A forward extra structure provides a secured protected rate, while still allowing beneficial moves up to a pre-determined trigger level. If the trigger level is met or exceeded at any time during the life of the trade, the holder of the forward extra is obliged to deal at the protected rate.
If the rate on expiry is in-between the trigger level and protected rate, the holder of the forward extra can transact at the spot rate. If the spot rate at expiry is less favourable than the protected rate the holder of the forward extra can transact at the protected rate. Forward extras are generally structured as zero-cost premium products.

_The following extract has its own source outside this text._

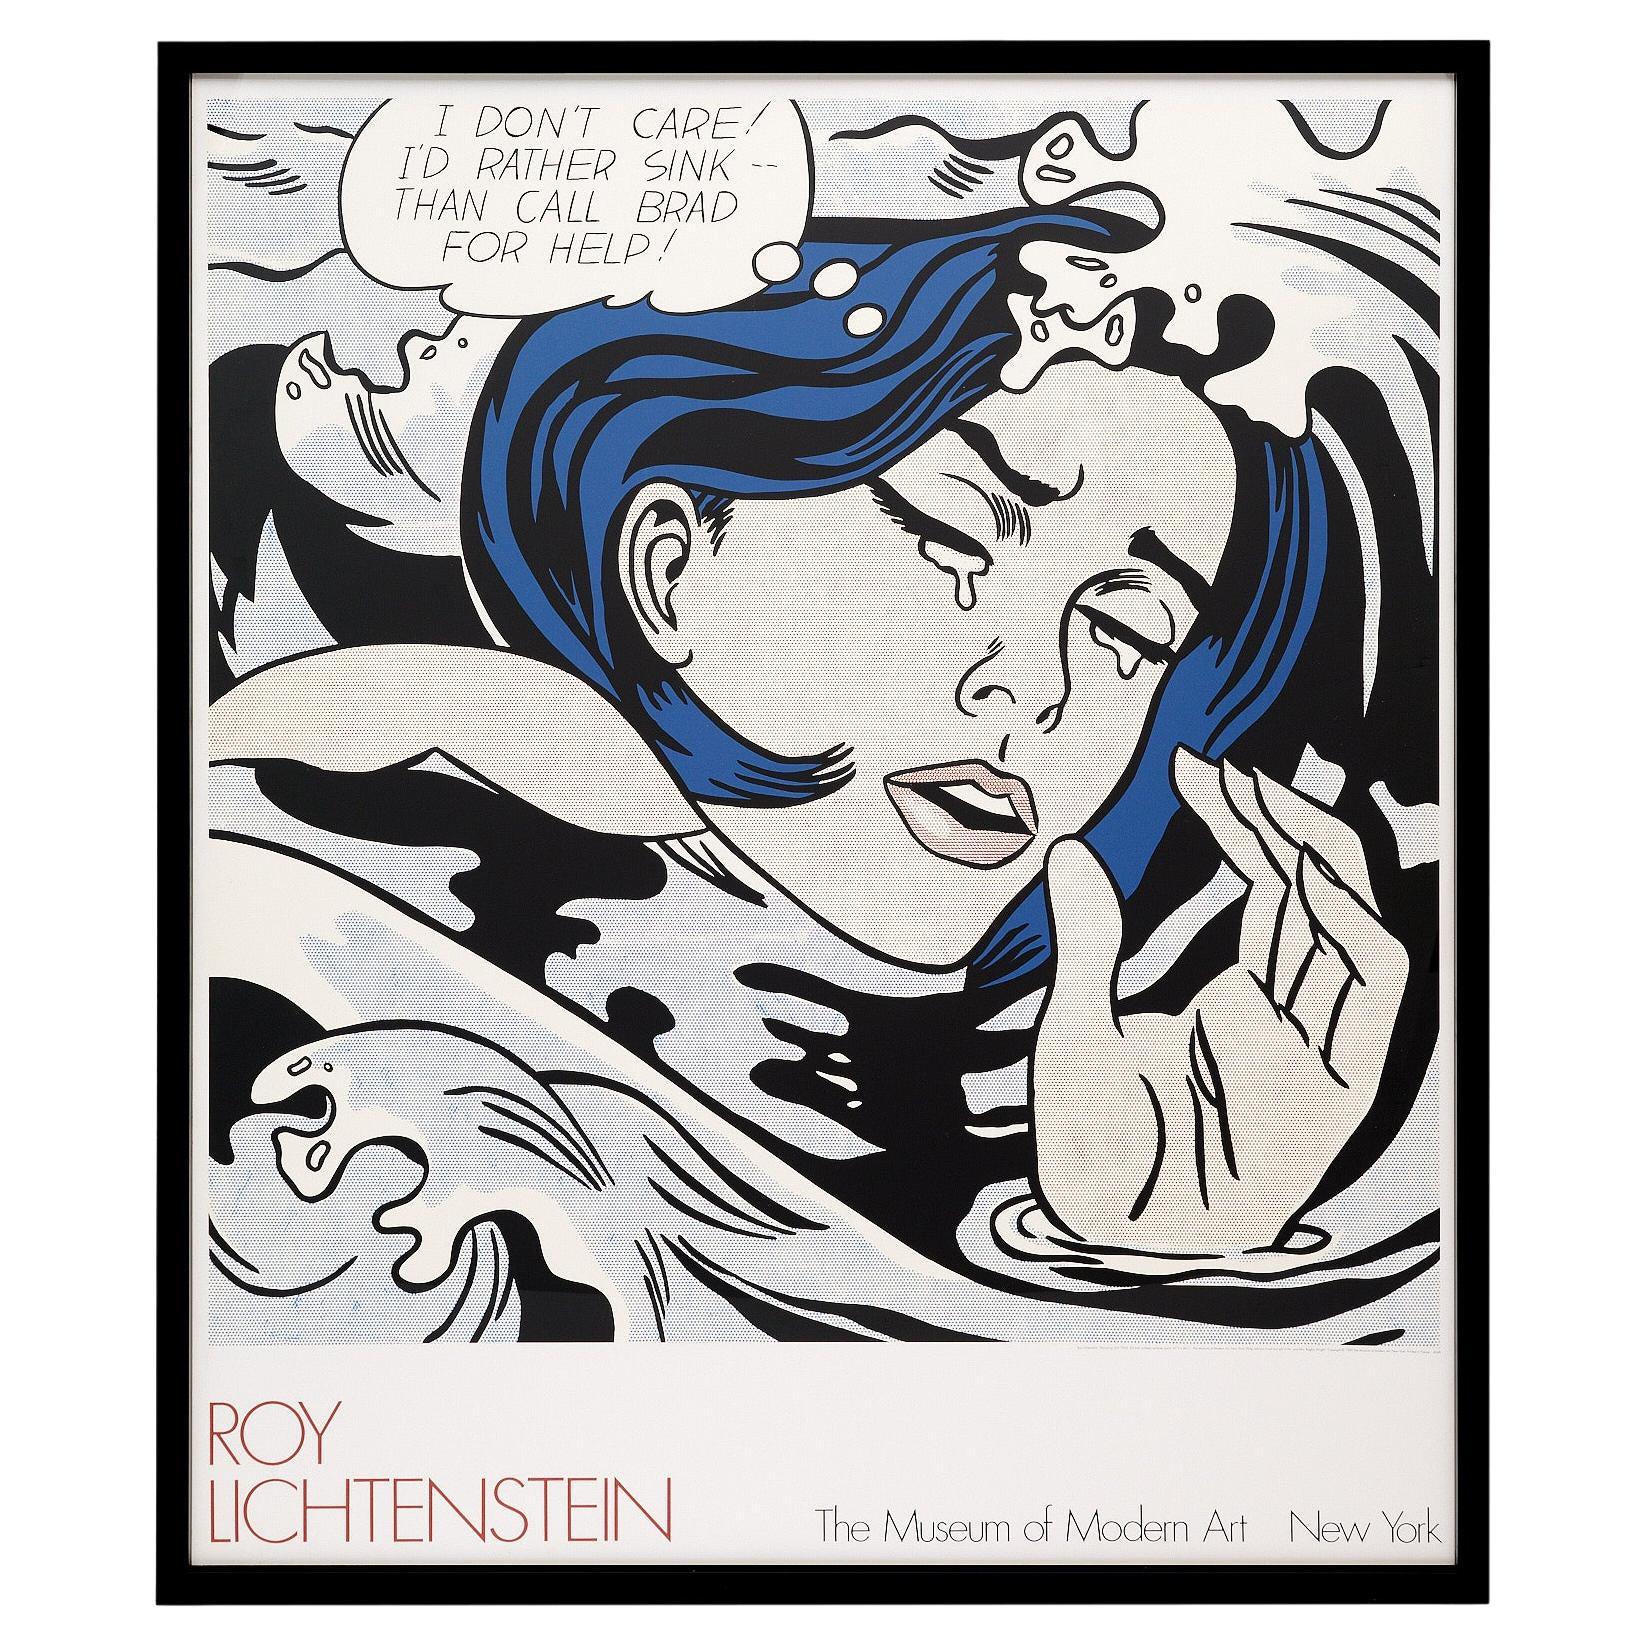 Roy Lichtenstein “Drowning Girl” New York MoMA Print For Sale

An example of how a forward extra works
A UK-based company imports materials from the US and needs to pay a supplier $500,000 in six months’ time.
- would like to benefit from a favourable exchange rate and 100% rate protection
- is willing to pay a premium for this
2. Current Forward Rate
The forward rate for a six-month period is
The company is prepared to accept a worst-case rate of 1.3200. The company buys a forward extra with a trigger level at 1.3800. The company buying the forward extra does not believe that the GBP/USD rate will exceed 1.3800 during the life of the option.
There are three possible scenarios
Unfavourable market moves
GBP/USD weakens. At maturity of the contract the exchange rate is 1.2800. The company is entitled to buy dollars at 1.3200.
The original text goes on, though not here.